Nigeria appears to be in a good stead to reap bountifully from outcomes of the UK-Africa Investment Summit held in London on Monday, January 20, 2020.

Africa-UK
Nigeria’s Minister of State for the Environment, Sharon Ikeazor, with the UK Secretary of State for Business, Energy, Innovation and Skills, Andrea Leadsom, at the UK-Africa Investment Summit in London

Ahead of the 26th session of the Conference of the Parties (COP26) to the United Nations Framework Convention on Climate Change (UNFCCC) that the United Kingdom will host in Glasgow, Scotland in November 2020, a central theme of the UK-Africa Investment Summit was support for African leaders’ call to accelerate investment in secure, low-cost and low carbon energy.
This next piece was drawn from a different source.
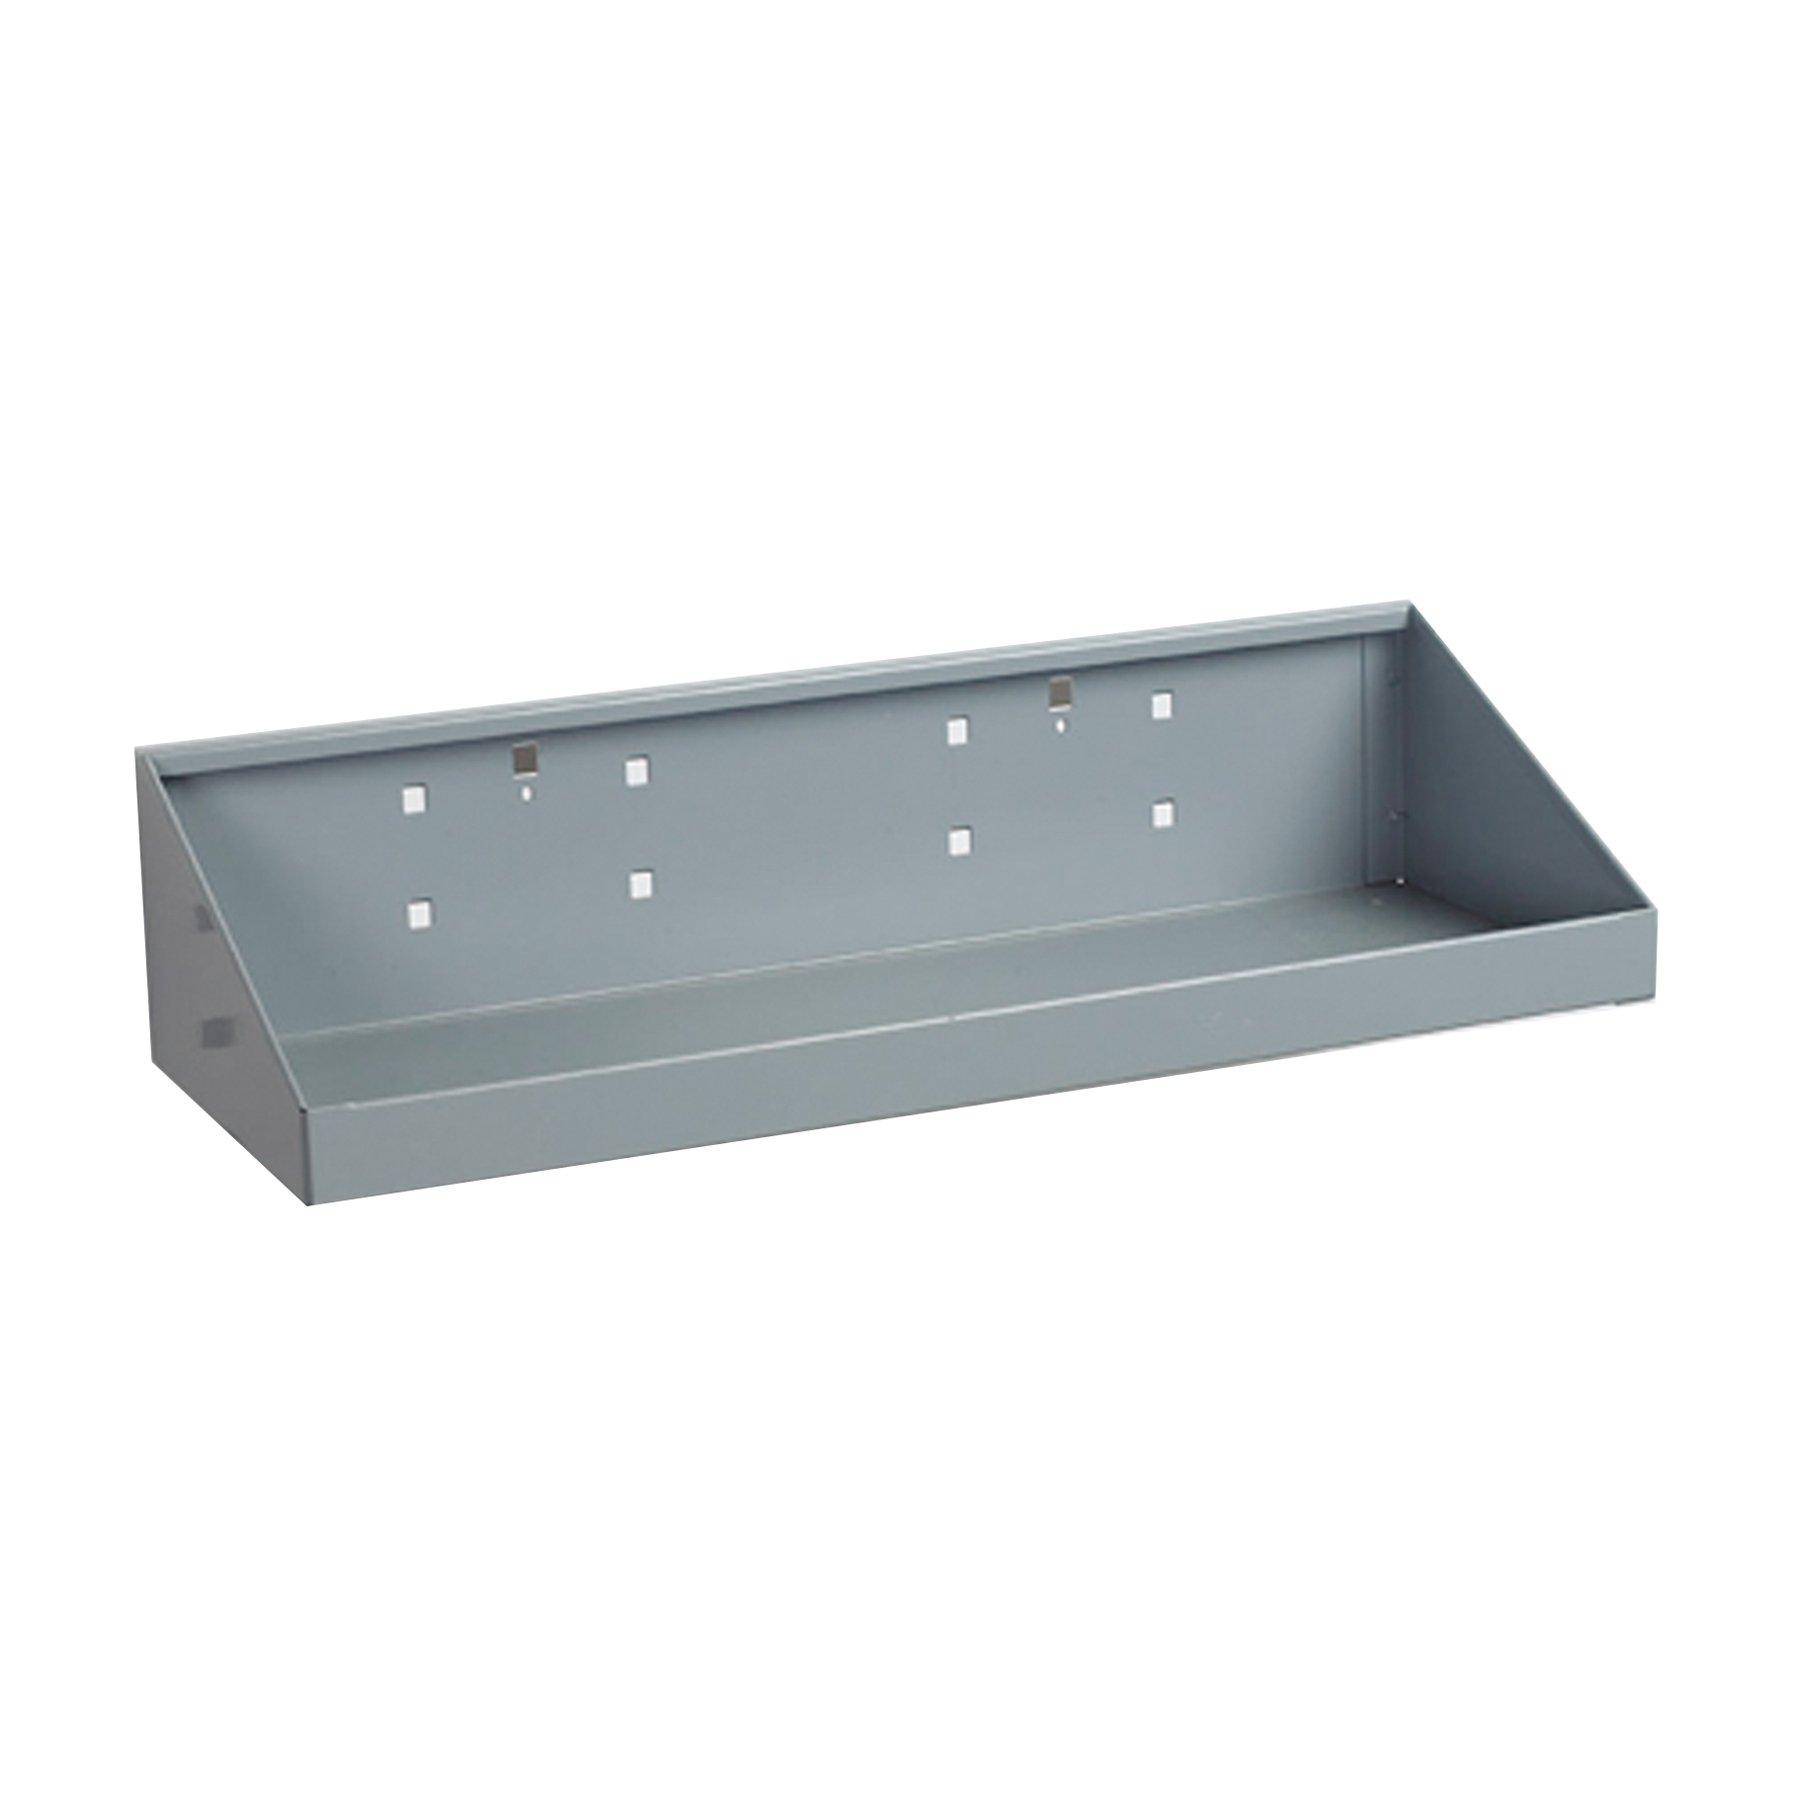 Triton Products 56186 LocHook 18-Inch Width by 6-1/2-Inch Deep Epoxy Powder Coated Shelf for LocBoard, Gray

Minister of State for the Environment, Sharon Ikeazor, attended the Summit and met the UK Secretary of State for Business, Energy, Innovation and Skills, Andrea Leadsom, to explore ways in which the UK and Nigeria can further strengthen collaboration on sustainable development, tackling climate change and on broader environmental issues

During the Summit, the UK Government committed to use its expertise and experience to partner with African countries to help them transition away from fossil fuels towards renewable, sustainable forms of clean energy.

In total, more than £50 million (₦28.6billion) of new UK investment was pledged at the Summit for clean energy projects across Africa and new links were forged between UK and African companies, investors and policy makers to promote clean energy usage.

Specifically, Nigeria stands to benefit from the following announcements made at the Summit:

  • Commercial deals worth £7 million (₦3.31billion) in the clean energy sector from Low Energy Designs (street lighting) and Trilliant (smart metering for Abuja DisCo);
  • £38 million (₦18.billion) boost to the Department for International Development’s Climate Compatible Growth Fund to support African governments to use UK expertise to expand their electricity networks and develop cleaner technologies;
  • £10 million (over ₦4.7 billion) of funding for the UK Department of Business, Energy, Innovation and Skills (BEIS) Climate Finance Accelerator (CFA), a new technical assistance programme designed to accelerate the transformation of African countries’ Nationally Determined Contributions into a pipeline of bankable low-carbon projects with the potential to attract investment at scale from the private sector;
  • The convening, before the Summit, of the Clean Energy “Pacesetters Group” (Nigeria, Ethiopia, Kenya, Morocco, Senegal and Sierra Leone) to partner with UK;
  • Technical expertise and demonstrate leadership and best practice in the clean energy transition;
  • A new £230,000 (about ₦109 million) DFID partnership with Lighting Africa to construct five solar testing labs across Africa, with the first to be launched in Nigeria and designed to help low-income consumers have access to high-quality solar products; and,
  • Support for the Energy Commission of Nigerian (ECN) to update and expand its 2050 Calculator, an energy and emissions model that supports sustainable development planning.